Personal information
- Full name: Brian James Walsh
- Date of birth: 25 October 1934
- Date of death: 19 August 2010 (aged 75)
- Original team(s): Ormond Amateur
- Height: 178 cm (5 ft 10 in)
- Weight: 73 kg (161 lb)

Playing career^{1}
- Years: Club / Games (Goals)
- 1956–1964: St Kilda / 131 (0)
- ^{1} Playing statistics correct to the end of 1964.

= Brian Walsh (footballer, born 1934) =

Australian rules footballer

Brian James Walsh (25 October 1934 – 19 August 2010) was an Australian rules footballer who played with St Kilda in the Victorian Football League (VFL).

Walsh started his career as a centreman, with Ormond Amateurs, in the Victorian Amateur Football Association. He was recruited to the VFL by St Kilda coach Alan Killigrew, who had coached Walsh when he was a junior with CBC St Kilda.

At St Kilda he played in the back pocket, forming a strong defence, which had two Brownlow Medal winners, Neil Roberts and Verdun Howell.
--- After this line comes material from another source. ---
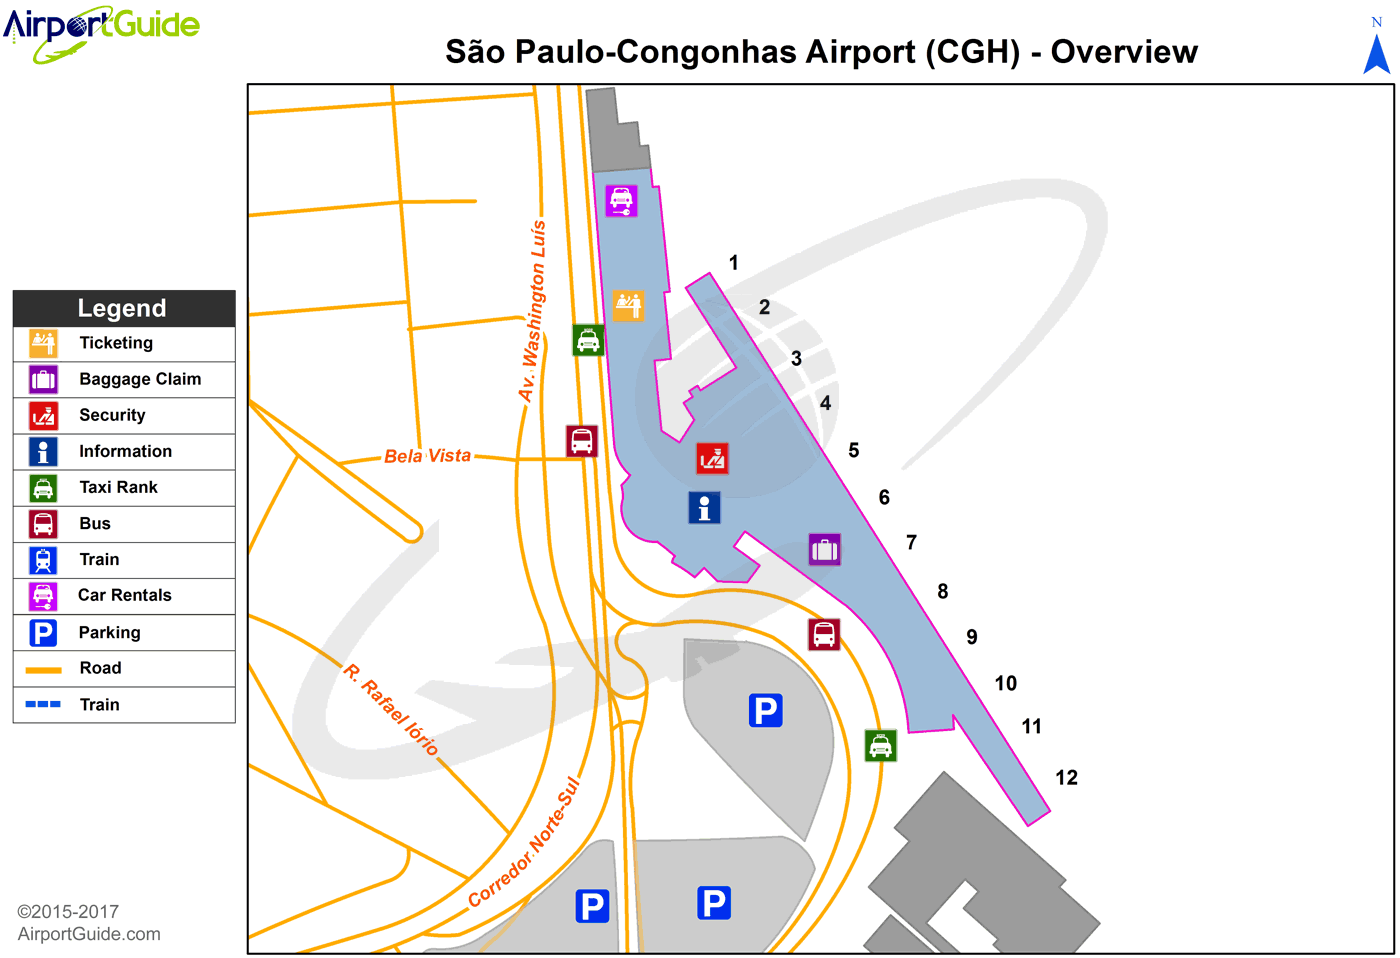 São Paulo - São Paulo-Congonhas (CGH) Airport Terminal Map - Overview
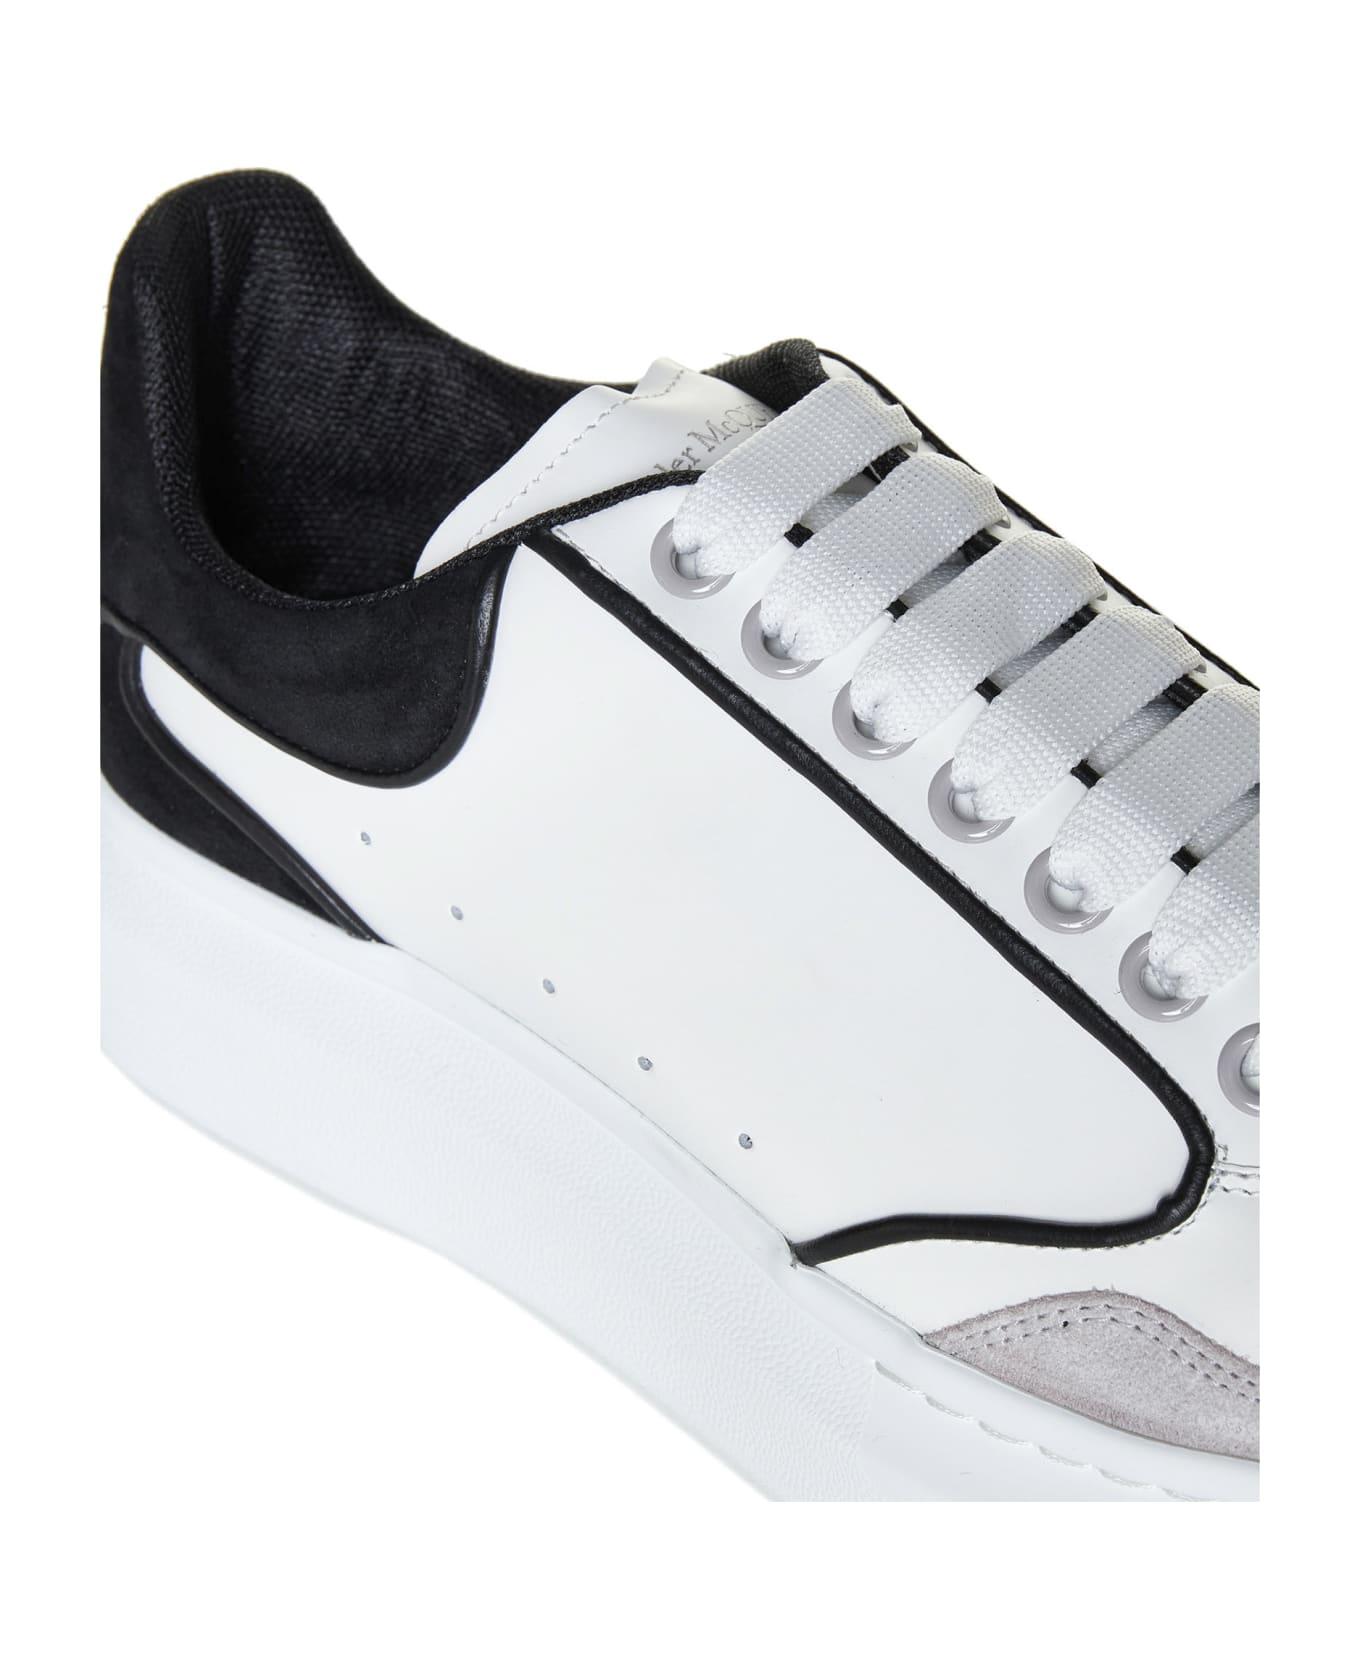 Alexander McQueen Oversize Sneakers - White スニーカー

Roberts has been quoted saying Walsh was the best player in the back six.

His 131 league games, between 1956 and 1964, included two finals.

Walsh didn't kick a goal for St Kilda, although he did manage a goal for an opposition team. The goal came when St Kilda were playing Carlton at Junction Oval, in the fourth round of the 1958 season. Due to the pressure from Carlton players, Walsh rushed a kick, which went through the opposition's goal posts. Normally this would be a behind, but the field umpire Bill Barbour gave the all-clear for the goal umpire to signal a goal, despite not having had clear vision of the kick. In newspaper scorecards, Walsh was listed as one of Carlton's goal-kickers, but records now give the goal to Carlton rover Doug Beasy.

He played for the Cobram Football Club after leaving St Kilda.